Multimodal Models · Suman Bhadra Notes

Same transformer, new senses

How does the model that completes your sentences also describe your photos? The trick is almost embarrassingly simple: a transformer never cared what a token means. It just takes a sequence of vectors and lets attention work out the relationships. An LLM turns text into vectors through an embedding table — but nothing says the vectors have to come from text. If you can turn an image, a sound, or a video frame into token-like vectors, the exact same architecture can read it.

So the whole field of multimodal models boils down to one engineering question: how do you tokenize things that aren't words?

Images become tokens

The standard answer for images is the Vision Transformer (ViT) recipe: chop the image into a grid of small patches — say 16×16 pixels each — flatten every patch into one vector, and add a position embedding so the model knows where each patch sat. A 224×224 photo becomes a sequence of 196 patch vectors, and from the transformer's point of view that's just a 196-token "sentence". A vision encoder then refines those patches into image tokens that carry meaning, not just raw pixel values.

It's a real break from how CNNs saw images — sliding small filters and building up features layer by layer — whereas a ViT treats patches like words and lets attention relate any patch to any other in a single step.

Gluing vision onto a language model

Vision encoder CLIP-style

Usually pretrained contrastively on millions of image–text pairs, so its image features already line up with language.

Projector small adapter

A tiny MLP that maps image tokens into the LLM's embedding space. Often the only freshly-trained part.

One transformer shared

Image tokens and text tokens flow through the same model — your words can attend directly to patches.

This three-piece recipe — popularized by LLaVA — is how most open vision-language models are built: take a strong vision encoder, take a strong LLM, train a small projector to bridge them, then fine-tune on image-question-answer data. Newer families like Llama 4 go further and are natively multimodal — trained on interleaved image and text from early on — while others like Gemma 3 bake a (frozen) vision encoder into pretraining rather than gluing it on afterwards.

From pixels to tokens to answers

Watch a photo get sliced into patches, encoded into image tokens, and concatenated with a text question into one sequence through one transformer — then see audio and video join the very same pipeline.

Understanding vs generating

Reading images encoder path

VQA, OCR, chart and screenshot reading: encode the image into tokens, generate text about it.

Making images diffusion

Generation is usually a separate diffusion model steered by text conditioning — the LLM reads, diffusion paints.

Audio & video same trick

Audio becomes spectrogram patches; video becomes per-frame patch tokens.

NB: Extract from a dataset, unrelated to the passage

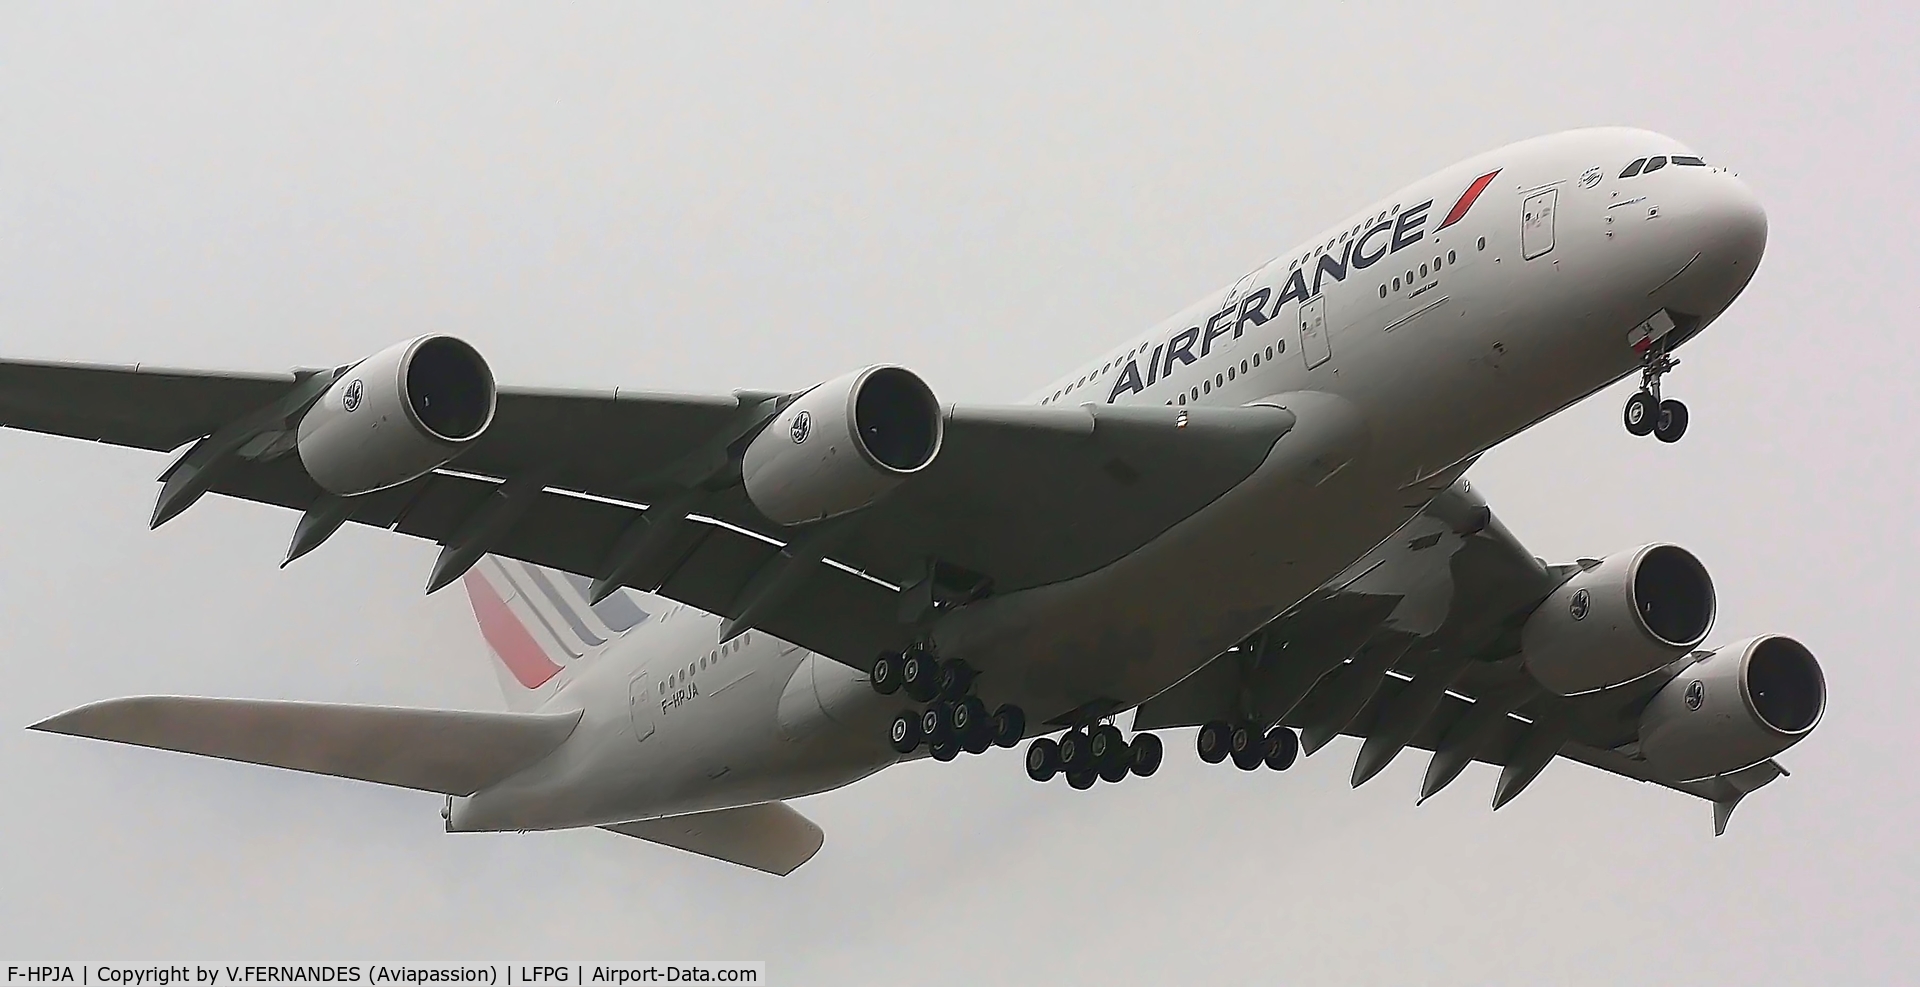 F-HPJA, 2010 Airbus A380-861 C/N 033, 1er time in CDG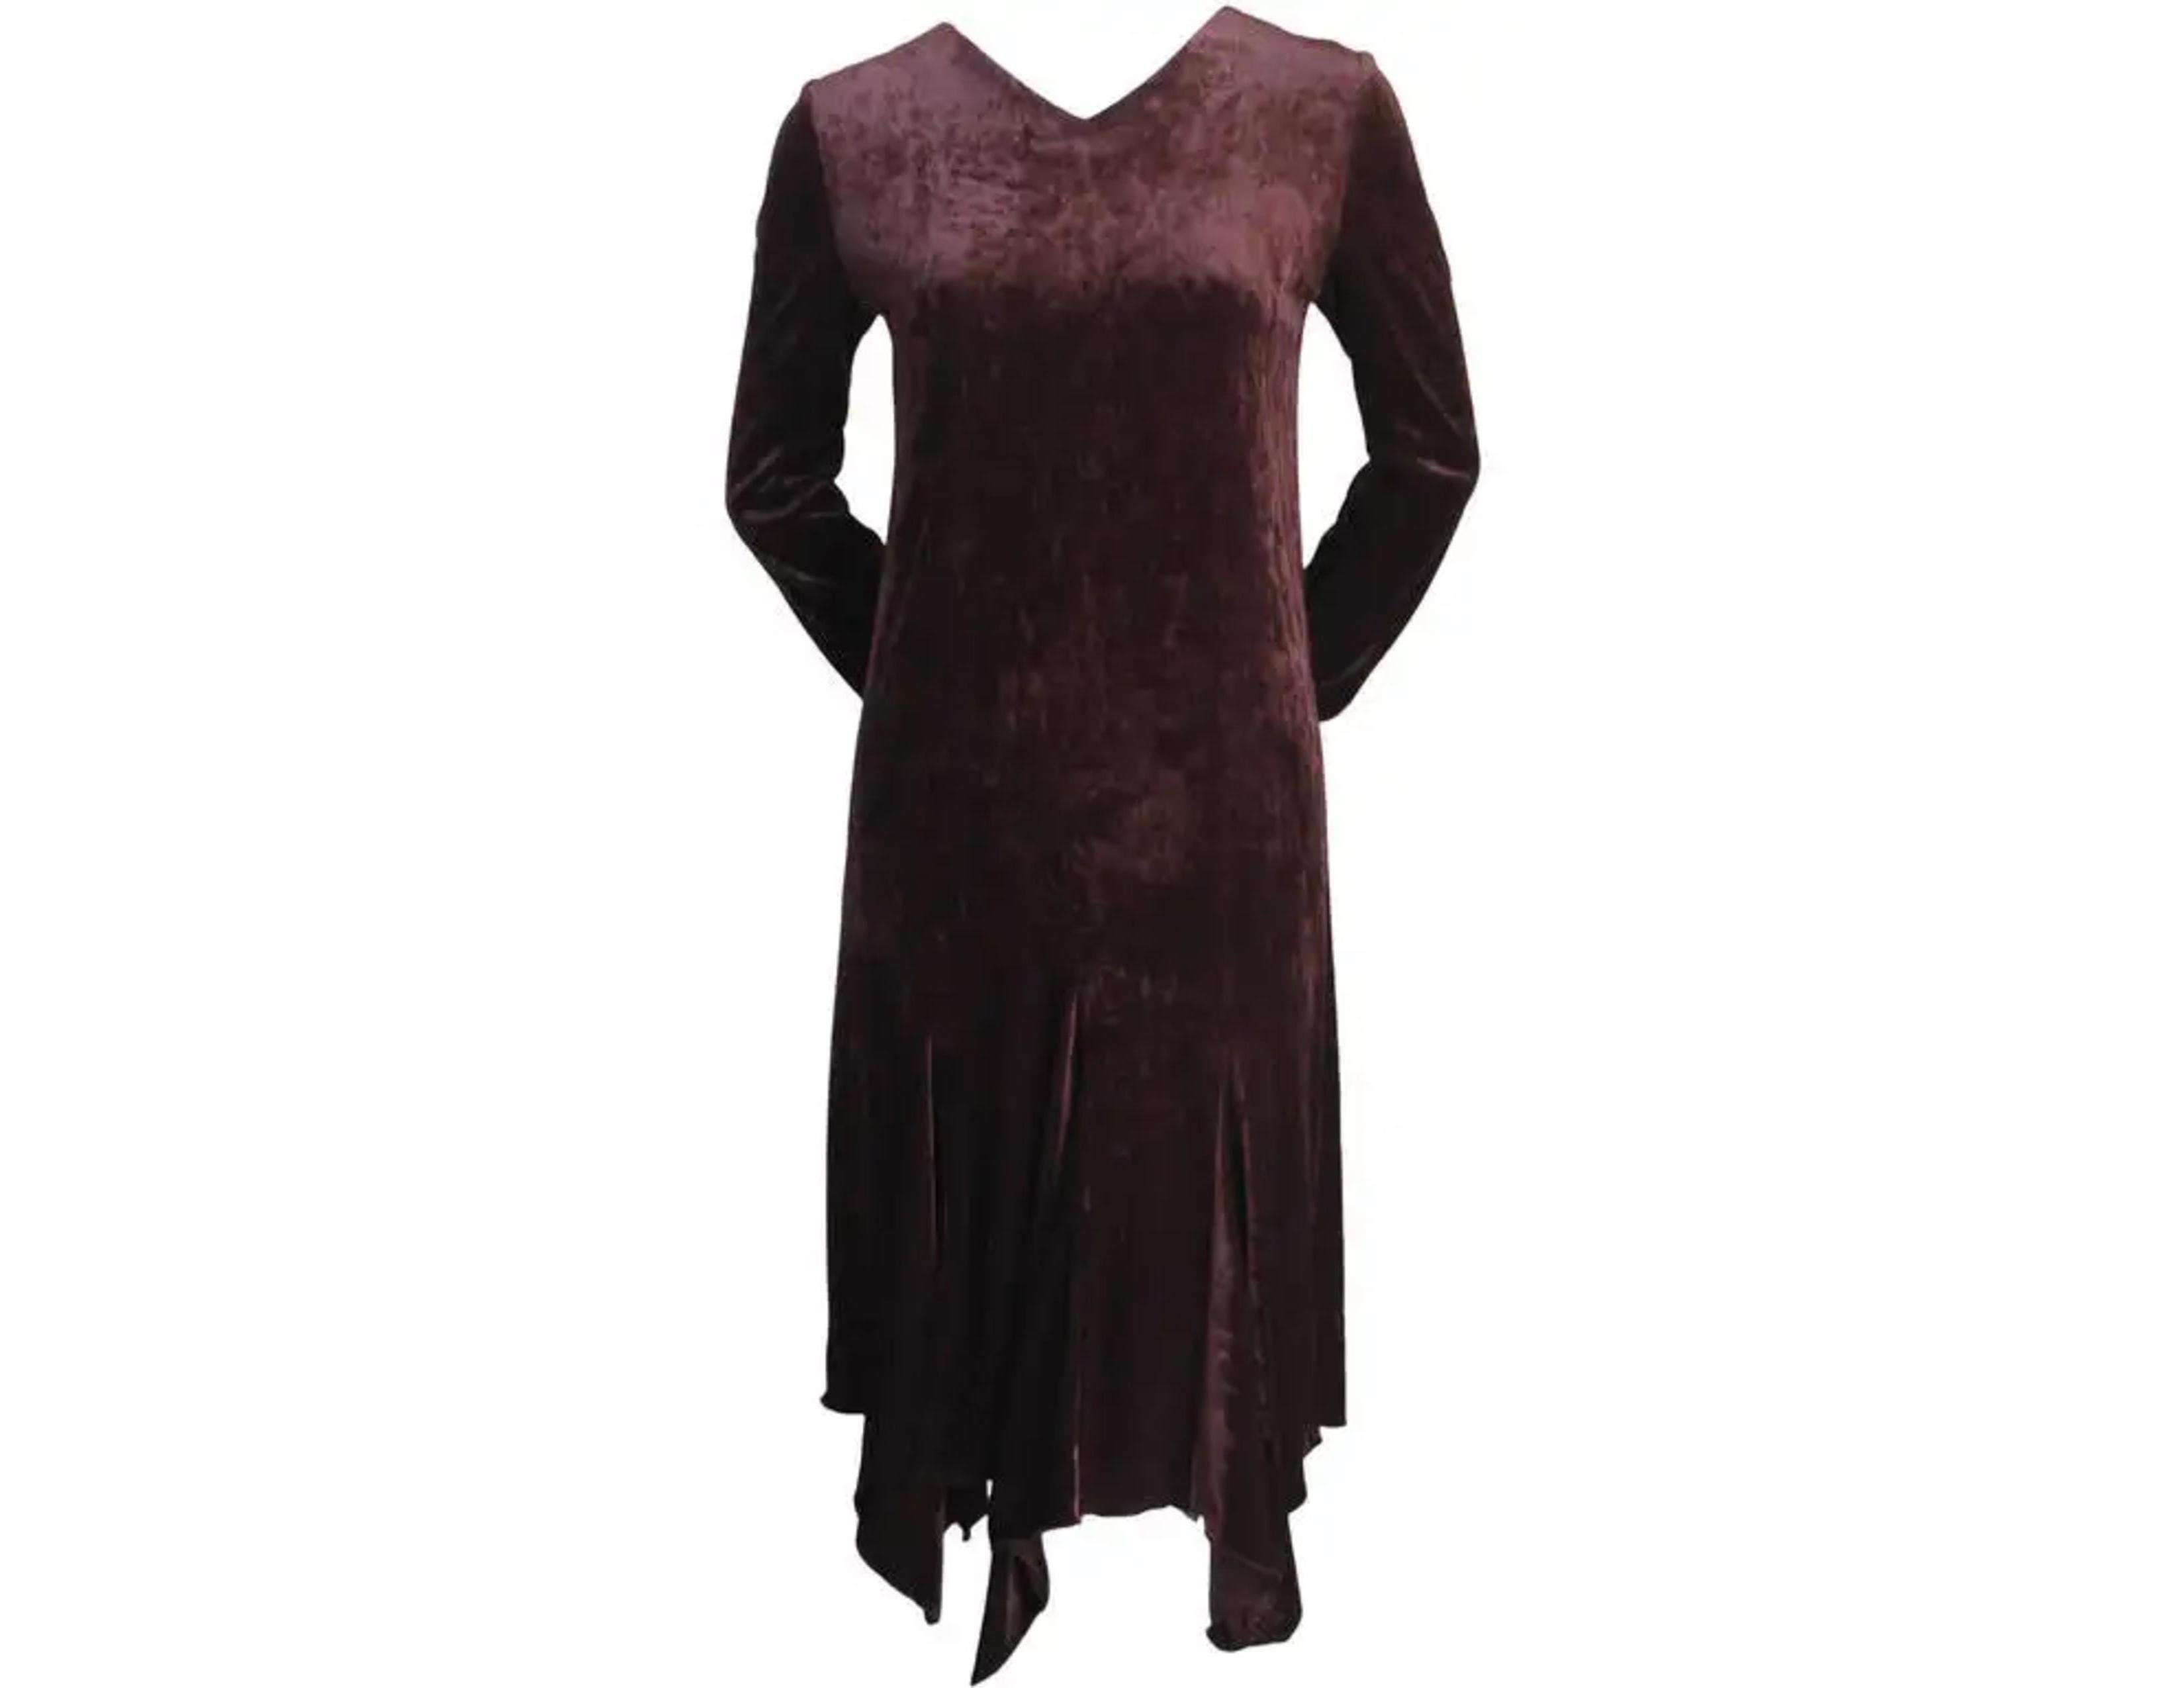 Brown velvet dress with v-neck and asymmetrical hemline from Romeo Gigli dating to the 1990's. Fits a size 6 or 8. Approximate measurements: shoulder 16

Tokenize it, and the model can read it.

Unified "any-to-any" models that both read and generate every modality inside one network do exist, but the split design — encoder for understanding, diffusion for generation — is still the workhorse.

The honest catches

Images are expensive tokens

A single detailed image can cost hundreds to thousands of tokens — a few screenshots can eat a context window alarmingly fast. And fine visual details still trip models: tiny text, counting objects, precise spatial relations. Higher resolution helps but multiplies the token bill, so every VLM picks a point on the resolution vs token-budget tradeoff — many tile large images into multiple crops, paying for each one.